Metabolic Monitoring for Children and Adolescents Prescribed Second-Generation Antipsychotics: A Qualitative Study with Child Psychiatrists.

机构信息

Department of Pharmaceutical Health Outcomes and Policy, University of Houston College of Pharmacy, Houston, Texas, USA.

Division of Management, Policy, and Community Health, The University of Texas-Houston School of Public Health, University of Texas School of Public Health, Houston, Texas, USA.

出版信息

J Child Adolesc Psychopharmacol. 2024 Oct;34(8):359-365. doi: 10.1089/cap.2024.0026. Epub 2024 Aug 23.

DOI:10.1089/cap.2024.0026
PMID:39178123
Abstract

Professional guidelines recommend that providers routinely monitor children prescribed second-generation antipsychotics (SGA) to reduce the risk of adverse metabolic events associated with the medication. Despite this guidance, many studies show low rates of monitoring compliance. In this study, we interviewed child psychiatrists for their views of possible barriers to monitoring. Semi-structured qualitative interviews, developed according to the Regehr model of influences upon patient-provider decision making, were conducted with child and adolescent psychiatrists in current practice and recruited by convenience and snowball sampling. Interviews were conducted through internet video meetings and were recorded. Interview data were analyzed following Framework Analysis qualitative methods. We recruited and completed interviews with 17 psychiatrists. Patient-level barriers included travel difficulties, limited family time for health care appointments, patient fear of blood draws, and more. Provider-level barriers included professional judgment versus guideline guidance, perceived family burden, assumption of low-risk, short-term SGA use, and more. Organizational level barriers included lack of organizational mandates or incentives, limited appointment time per patient, lack of care coordination, lack of co-located labs, personnel turnover, and more. Barriers at the social and cultural level include stigma and low health literacy. These practicing prescribers provided a wide range of possible barriers to metabolic monitoring in children and adolescents prescribed SGAs.
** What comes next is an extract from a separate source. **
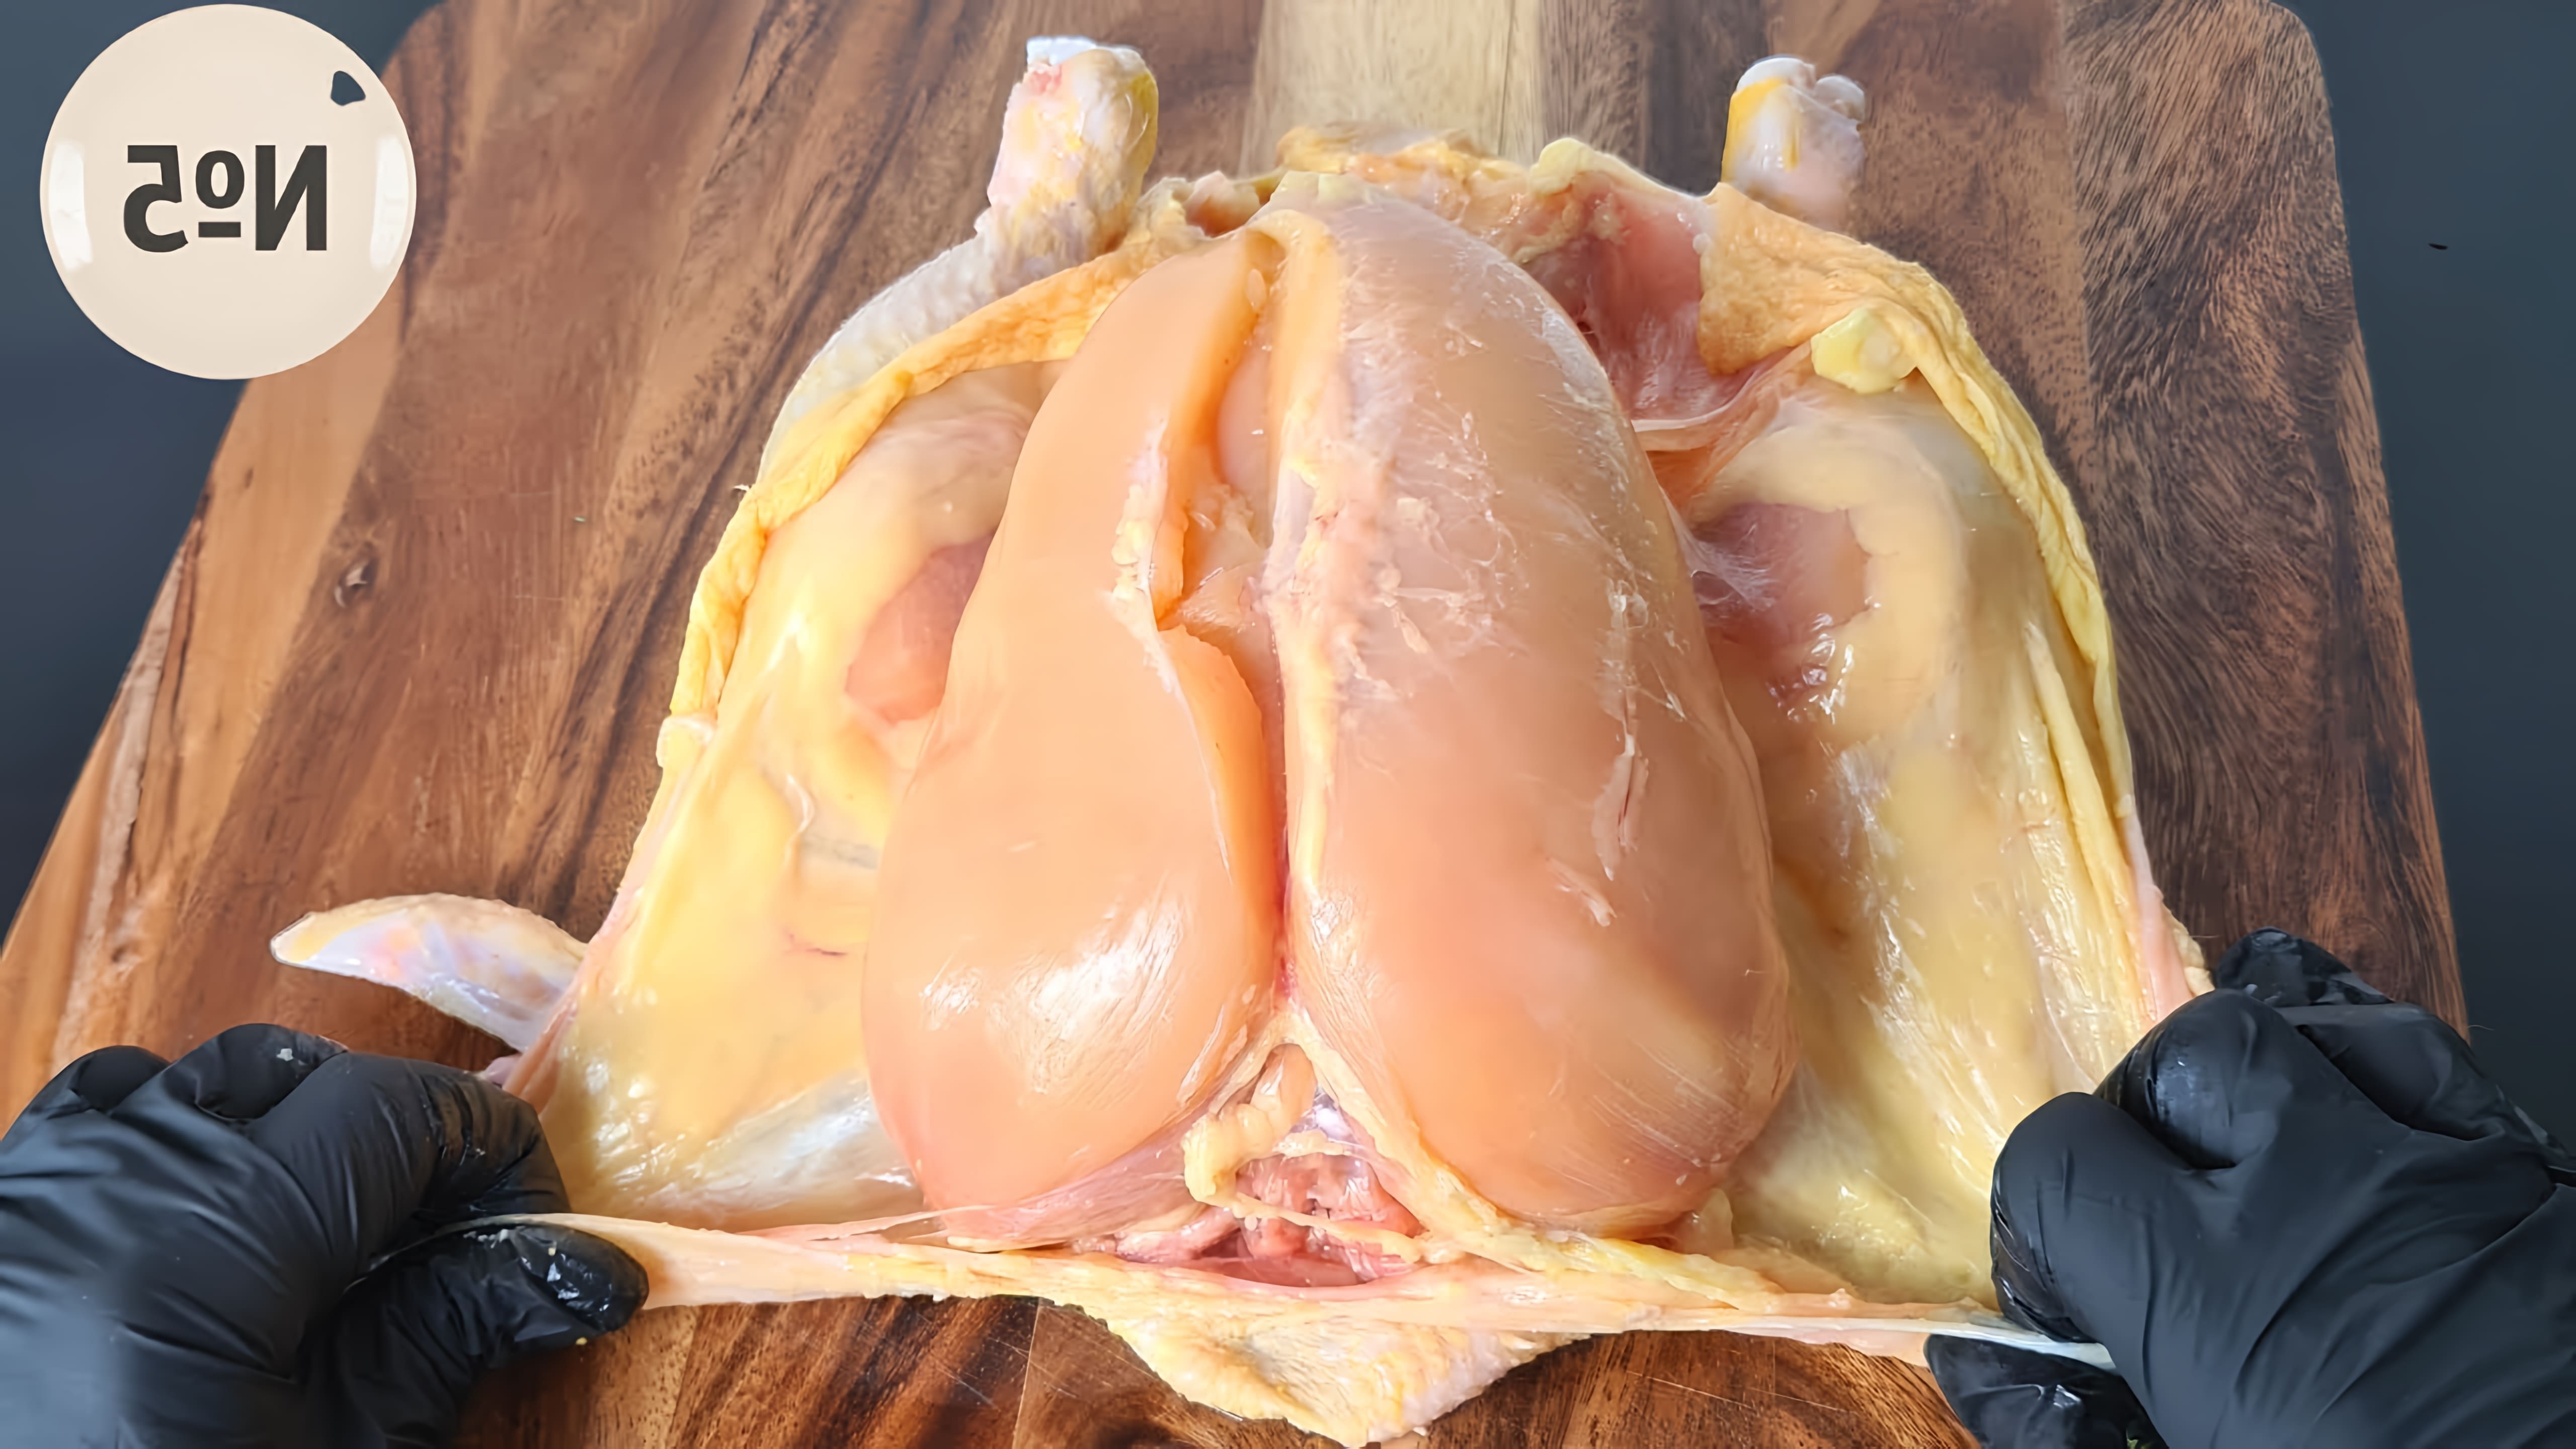 В этом видео демонстрируются три диетических блюда, которые можно приготовить, используя всего одну курицу

The next step is to explore which may be present in certain settings, and to pilot quality improvement interventions. Addressing barriers can reduce risk of metabolic disorders arising from long-term use of SGAs in children and adolescents.

摘要

专业指南建议,医务人员应定期监测服用第二代抗精神病药物(SGA)的儿童,以降低与药物相关的不良代谢事件的风险。尽管有此指南,但许多研究显示监测依从率较低。在这项研究中,我们采访了儿童精神科医生,了解他们对监测可能存在的障碍的看法。

根据 Regehr 影响医患决策模型制定的半结构化定性访谈,对当前执业的儿童和青少年精神科医生进行了访谈,并通过便利抽样和滚雪球抽样进行了招募。访谈通过互联网视频会议进行,并进行了记录。根据框架分析定性方法对访谈数据进行了分析。
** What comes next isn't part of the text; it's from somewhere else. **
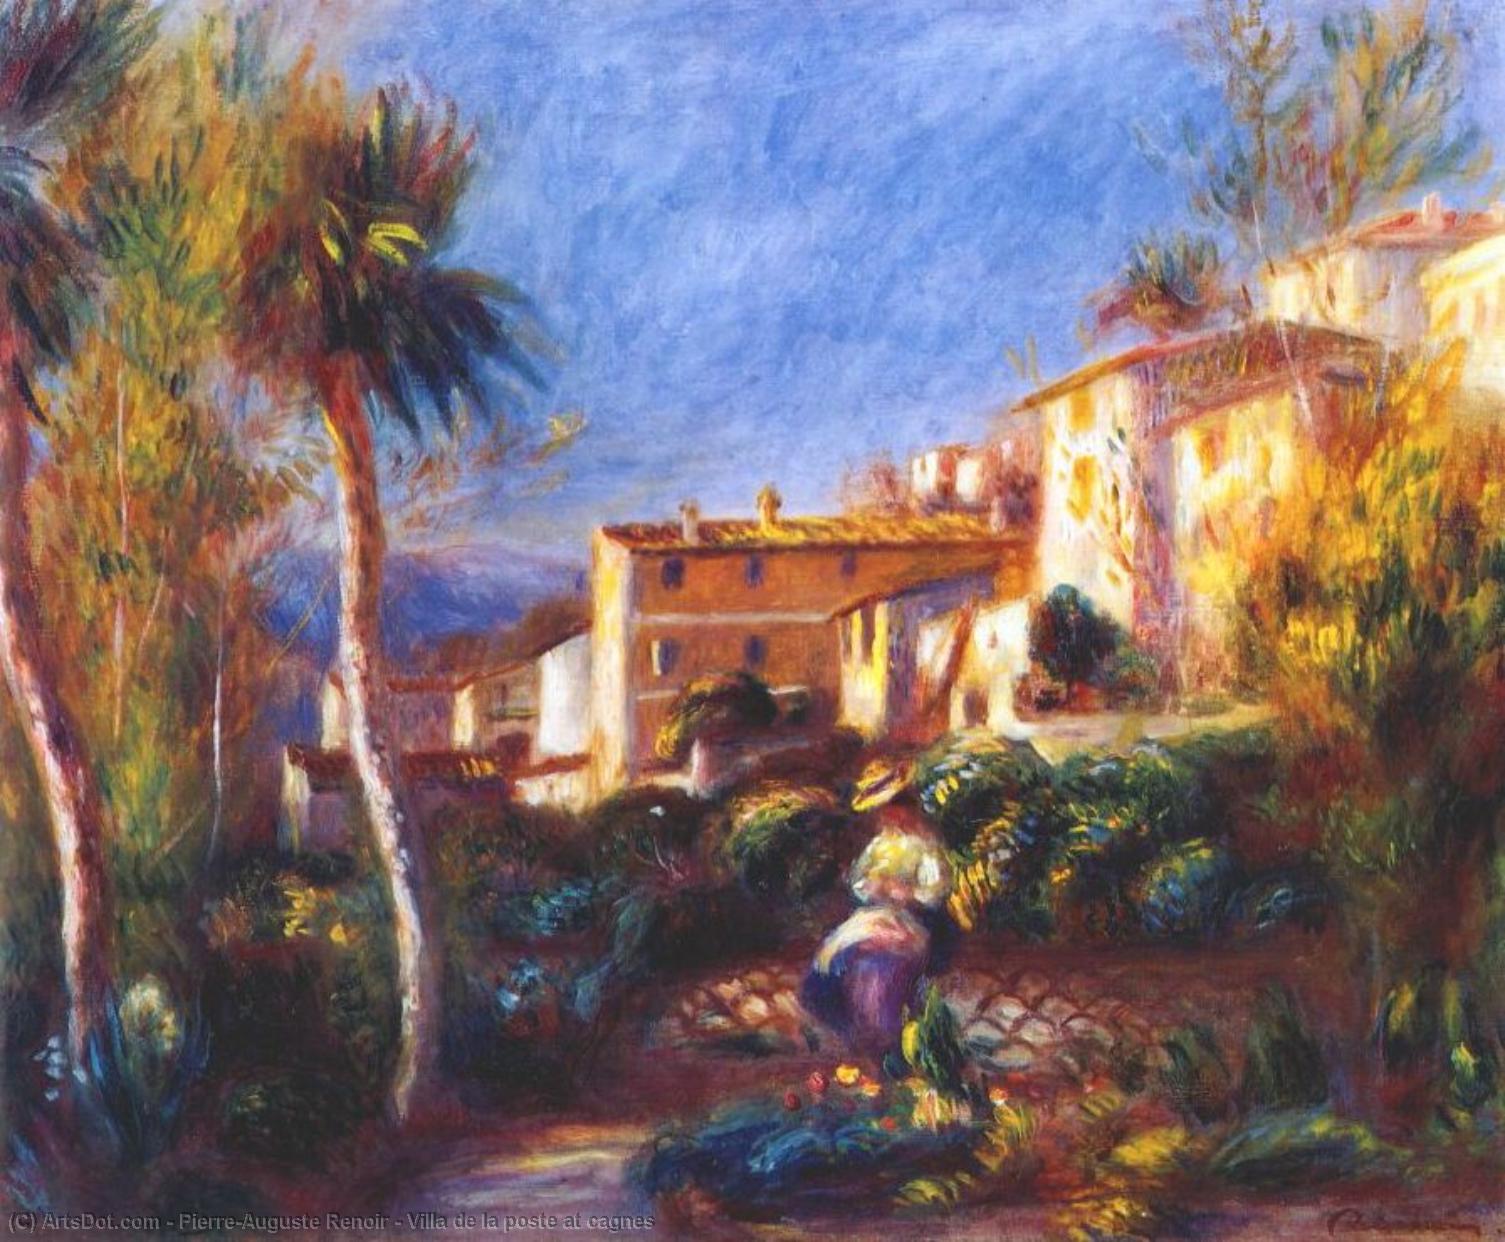 WikiOO.org - Enciclopédia das Belas Artes - Pintura, Arte por Pierre-Auguste Renoir - Villa de la poste at cagnes

我们招募并完成了 17 名精神科医生的访谈。患者层面的障碍包括交通困难、用于医疗预约的家庭时间有限、患者害怕抽血,以及更多。医务人员层面的障碍包括专业判断与指南指导、感知到的家庭负担、假设低风险、短期使用 SGA,以及更多。组织层面的障碍包括缺乏组织授权或激励措施、每位患者的预约时间有限、缺乏护理协调、缺乏相邻实验室、人员流动,以及更多。社会文化层面的障碍包括污名化和健康素养低。

这些执业处方者提供了广泛的可能障碍,以监测服用 SGA 的儿童和青少年的代谢情况。下一步是探索在某些环境中可能存在哪些障碍,并进行质量改进干预的试点。解决这些障碍可以降低儿童和青少年长期使用 SGA 引起代谢紊乱的风险。